Records from a data collection -

--------

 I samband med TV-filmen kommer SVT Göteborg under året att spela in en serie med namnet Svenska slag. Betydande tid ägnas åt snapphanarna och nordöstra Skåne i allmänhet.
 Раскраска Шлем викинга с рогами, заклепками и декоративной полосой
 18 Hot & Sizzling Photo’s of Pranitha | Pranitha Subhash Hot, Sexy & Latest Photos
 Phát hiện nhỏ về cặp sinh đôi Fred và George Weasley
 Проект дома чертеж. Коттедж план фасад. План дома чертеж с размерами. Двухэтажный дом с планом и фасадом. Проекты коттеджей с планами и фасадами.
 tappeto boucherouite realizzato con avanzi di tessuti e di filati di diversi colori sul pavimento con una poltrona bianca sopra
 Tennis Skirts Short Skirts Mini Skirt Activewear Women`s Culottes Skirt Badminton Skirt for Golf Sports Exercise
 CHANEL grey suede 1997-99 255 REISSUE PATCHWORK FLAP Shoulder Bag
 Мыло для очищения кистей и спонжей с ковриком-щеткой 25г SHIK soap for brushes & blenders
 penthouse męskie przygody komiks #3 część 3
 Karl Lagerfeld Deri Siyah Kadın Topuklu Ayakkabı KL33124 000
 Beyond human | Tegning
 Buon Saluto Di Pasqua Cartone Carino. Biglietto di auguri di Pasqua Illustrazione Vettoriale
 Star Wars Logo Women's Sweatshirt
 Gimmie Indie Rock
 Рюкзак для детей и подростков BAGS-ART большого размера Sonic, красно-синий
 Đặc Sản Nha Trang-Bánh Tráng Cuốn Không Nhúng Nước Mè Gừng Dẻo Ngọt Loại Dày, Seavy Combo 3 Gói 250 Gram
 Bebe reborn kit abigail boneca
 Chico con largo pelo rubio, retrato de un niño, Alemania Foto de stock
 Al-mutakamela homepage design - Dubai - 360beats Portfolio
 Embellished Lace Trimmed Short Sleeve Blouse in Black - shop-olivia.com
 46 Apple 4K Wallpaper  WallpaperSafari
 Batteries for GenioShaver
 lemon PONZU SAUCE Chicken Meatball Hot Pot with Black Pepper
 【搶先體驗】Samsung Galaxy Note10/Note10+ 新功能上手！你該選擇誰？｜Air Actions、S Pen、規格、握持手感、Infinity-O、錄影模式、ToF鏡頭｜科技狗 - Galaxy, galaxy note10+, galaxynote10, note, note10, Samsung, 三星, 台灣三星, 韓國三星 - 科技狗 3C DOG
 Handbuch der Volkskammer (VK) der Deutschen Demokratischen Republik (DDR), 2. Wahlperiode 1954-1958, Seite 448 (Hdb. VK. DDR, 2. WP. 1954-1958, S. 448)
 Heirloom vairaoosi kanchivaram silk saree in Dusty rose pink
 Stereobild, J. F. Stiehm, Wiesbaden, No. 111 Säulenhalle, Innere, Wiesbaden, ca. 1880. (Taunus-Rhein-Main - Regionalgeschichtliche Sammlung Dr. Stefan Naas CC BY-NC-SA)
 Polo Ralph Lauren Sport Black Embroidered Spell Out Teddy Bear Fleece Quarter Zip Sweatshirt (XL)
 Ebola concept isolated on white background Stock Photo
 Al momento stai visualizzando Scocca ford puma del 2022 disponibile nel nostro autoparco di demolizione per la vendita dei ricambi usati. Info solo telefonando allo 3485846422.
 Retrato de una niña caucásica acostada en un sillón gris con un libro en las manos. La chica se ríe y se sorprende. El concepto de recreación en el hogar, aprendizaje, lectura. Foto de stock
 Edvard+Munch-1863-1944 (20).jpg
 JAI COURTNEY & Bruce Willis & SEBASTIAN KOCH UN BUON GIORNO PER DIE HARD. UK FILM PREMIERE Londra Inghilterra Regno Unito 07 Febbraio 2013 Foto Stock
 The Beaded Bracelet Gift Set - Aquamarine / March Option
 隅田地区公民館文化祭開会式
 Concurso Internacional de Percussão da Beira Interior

--------

REQUIRED WORK - What you return must match the entries exactly, word for word.

REPLY -
 I samband med TV-filmen kommer SVT Göteborg under året att spela in en serie med namnet Svenska slag. Betydande tid ägnas åt snapphanarna och nordöstra Skåne i allmänhet.
 Раскраска Шлем викинга с рогами, заклепками и декоративной полосой
 18 Hot & Sizzling Photo’s of Pranitha | Pranitha Subhash Hot, Sexy & Latest Photos
 Phát hiện nhỏ về cặp sinh đôi Fred và George Weasley
 Проект дома чертеж. Коттедж план фасад. План дома чертеж с размерами. Двухэтажный дом с планом и фасадом. Проекты коттеджей с планами и фасадами.
 tappeto boucherouite realizzato con avanzi di tessuti e di filati di diversi colori sul pavimento con una poltrona bianca sopra
 Tennis Skirts Short Skirts Mini Skirt Activewear Women`s Culottes Skirt Badminton Skirt for Golf Sports Exercise
 CHANEL grey suede 1997-99 255 REISSUE PATCHWORK FLAP Shoulder Bag
 Мыло для очищения кистей и спонжей с ковриком-щеткой 25г SHIK soap for brushes & blenders
 penthouse męskie przygody komiks #3 część 3
 Karl Lagerfeld Deri Siyah Kadın Topuklu Ayakkabı KL33124 000
 Beyond human | Tegning
 Buon Saluto Di Pasqua Cartone Carino. Biglietto di auguri di Pasqua Illustrazione Vettoriale
 Star Wars Logo Women's Sweatshirt
 Gimmie Indie Rock
 Рюкзак для детей и подростков BAGS-ART большого размера Sonic, красно-синий
 Đặc Sản Nha Trang-Bánh Tráng Cuốn Không Nhúng Nước Mè Gừng Dẻo Ngọt Loại Dày, Seavy Combo 3 Gói 250 Gram
 Bebe reborn kit abigail boneca
 Chico con largo pelo rubio, retrato de un niño, Alemania Foto de stock
 Al-mutakamela homepage design - Dubai - 360beats Portfolio
 Embellished Lace Trimmed Short Sleeve Blouse in Black - shop-olivia.com
 46 Apple 4K Wallpaper  WallpaperSafari
 Batteries for GenioShaver
 lemon PONZU SAUCE Chicken Meatball Hot Pot with Black Pepper
 【搶先體驗】Samsung Galaxy Note10/Note10+ 新功能上手！你該選擇誰？｜Air Actions、S Pen、規格、握持手感、Infinity-O、錄影模式、ToF鏡頭｜科技狗 - Galaxy, galaxy note10+, galaxynote10, note, note10, Samsung, 三星, 台灣三星, 韓國三星 - 科技狗 3C DOG
 Handbuch der Volkskammer (VK) der Deutschen Demokratischen Republik (DDR), 2. Wahlperiode 1954-1958, Seite 448 (Hdb. VK. DDR, 2. WP. 1954-1958, S. 448)
 Heirloom vairaoosi kanchivaram silk saree in Dusty rose pink
 Stereobild, J. F. Stiehm, Wiesbaden, No. 111 Säulenhalle, Innere, Wiesbaden, ca. 1880. (Taunus-Rhein-Main - Regionalgeschichtliche Sammlung Dr. Stefan Naas CC BY-NC-SA)
 Polo Ralph Lauren Sport Black Embroidered Spell Out Teddy Bear Fleece Quarter Zip Sweatshirt (XL)
 Ebola concept isolated on white background Stock Photo
 Al momento stai visualizzando Scocca ford puma del 2022 disponibile nel nostro autoparco di demolizione per la vendita dei ricambi usati. Info solo telefonando allo 3485846422.
 Retrato de una niña caucásica acostada en un sillón gris con un libro en las manos. La chica se ríe y se sorprende. El concepto de recreación en el hogar, aprendizaje, lectura. Foto de stock
 Edvard+Munch-1863-1944 (20).jpg
 JAI COURTNEY & Bruce Willis & SEBASTIAN KOCH UN BUON GIORNO PER DIE HARD. UK FILM PREMIERE Londra Inghilterra Regno Unito 07 Febbraio 2013 Foto Stock
 The Beaded Bracelet Gift Set - Aquamarine / March Option
 隅田地区公民館文化祭開会式
 Concurso Internacional de Percussão da Beira Interior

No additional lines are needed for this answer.